Excerpts from a dataset:
# # #

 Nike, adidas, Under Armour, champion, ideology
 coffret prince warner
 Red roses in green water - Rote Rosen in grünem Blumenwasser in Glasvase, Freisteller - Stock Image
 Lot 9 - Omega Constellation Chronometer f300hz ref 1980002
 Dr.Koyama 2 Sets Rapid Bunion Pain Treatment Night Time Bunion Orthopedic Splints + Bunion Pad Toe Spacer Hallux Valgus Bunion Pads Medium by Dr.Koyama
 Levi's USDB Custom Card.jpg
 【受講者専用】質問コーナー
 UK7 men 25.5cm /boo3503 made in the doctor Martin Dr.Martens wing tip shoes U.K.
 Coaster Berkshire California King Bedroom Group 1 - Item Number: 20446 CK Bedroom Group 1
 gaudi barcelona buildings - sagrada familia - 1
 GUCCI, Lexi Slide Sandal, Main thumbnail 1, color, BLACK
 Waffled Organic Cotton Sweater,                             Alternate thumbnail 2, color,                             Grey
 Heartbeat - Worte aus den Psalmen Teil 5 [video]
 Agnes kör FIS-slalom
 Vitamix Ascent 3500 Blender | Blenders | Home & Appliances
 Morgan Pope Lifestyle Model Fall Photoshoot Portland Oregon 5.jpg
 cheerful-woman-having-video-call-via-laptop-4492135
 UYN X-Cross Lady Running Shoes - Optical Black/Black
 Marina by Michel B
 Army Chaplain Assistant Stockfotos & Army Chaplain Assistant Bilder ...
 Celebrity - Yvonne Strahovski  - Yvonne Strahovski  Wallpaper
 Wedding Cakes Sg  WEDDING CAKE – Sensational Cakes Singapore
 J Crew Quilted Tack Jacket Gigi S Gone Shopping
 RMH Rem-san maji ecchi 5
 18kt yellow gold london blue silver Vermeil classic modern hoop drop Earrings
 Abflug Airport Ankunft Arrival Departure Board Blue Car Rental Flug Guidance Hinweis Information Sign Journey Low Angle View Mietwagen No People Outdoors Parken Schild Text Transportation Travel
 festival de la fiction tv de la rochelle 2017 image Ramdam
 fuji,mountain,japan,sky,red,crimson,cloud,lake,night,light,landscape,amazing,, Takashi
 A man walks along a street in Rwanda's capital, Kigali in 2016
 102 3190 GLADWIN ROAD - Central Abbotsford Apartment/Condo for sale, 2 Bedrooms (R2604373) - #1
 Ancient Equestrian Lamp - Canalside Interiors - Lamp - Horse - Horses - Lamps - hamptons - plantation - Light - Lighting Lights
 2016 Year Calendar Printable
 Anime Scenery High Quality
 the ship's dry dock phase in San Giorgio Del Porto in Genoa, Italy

# # #

Activity: Look over the entries for "color", then copy every line that includes that string.

Final answer:
 GUCCI, Lexi Slide Sandal, Main thumbnail 1, color, BLACK
 Waffled Organic Cotton Sweater,                             Alternate thumbnail 2, color,                             Grey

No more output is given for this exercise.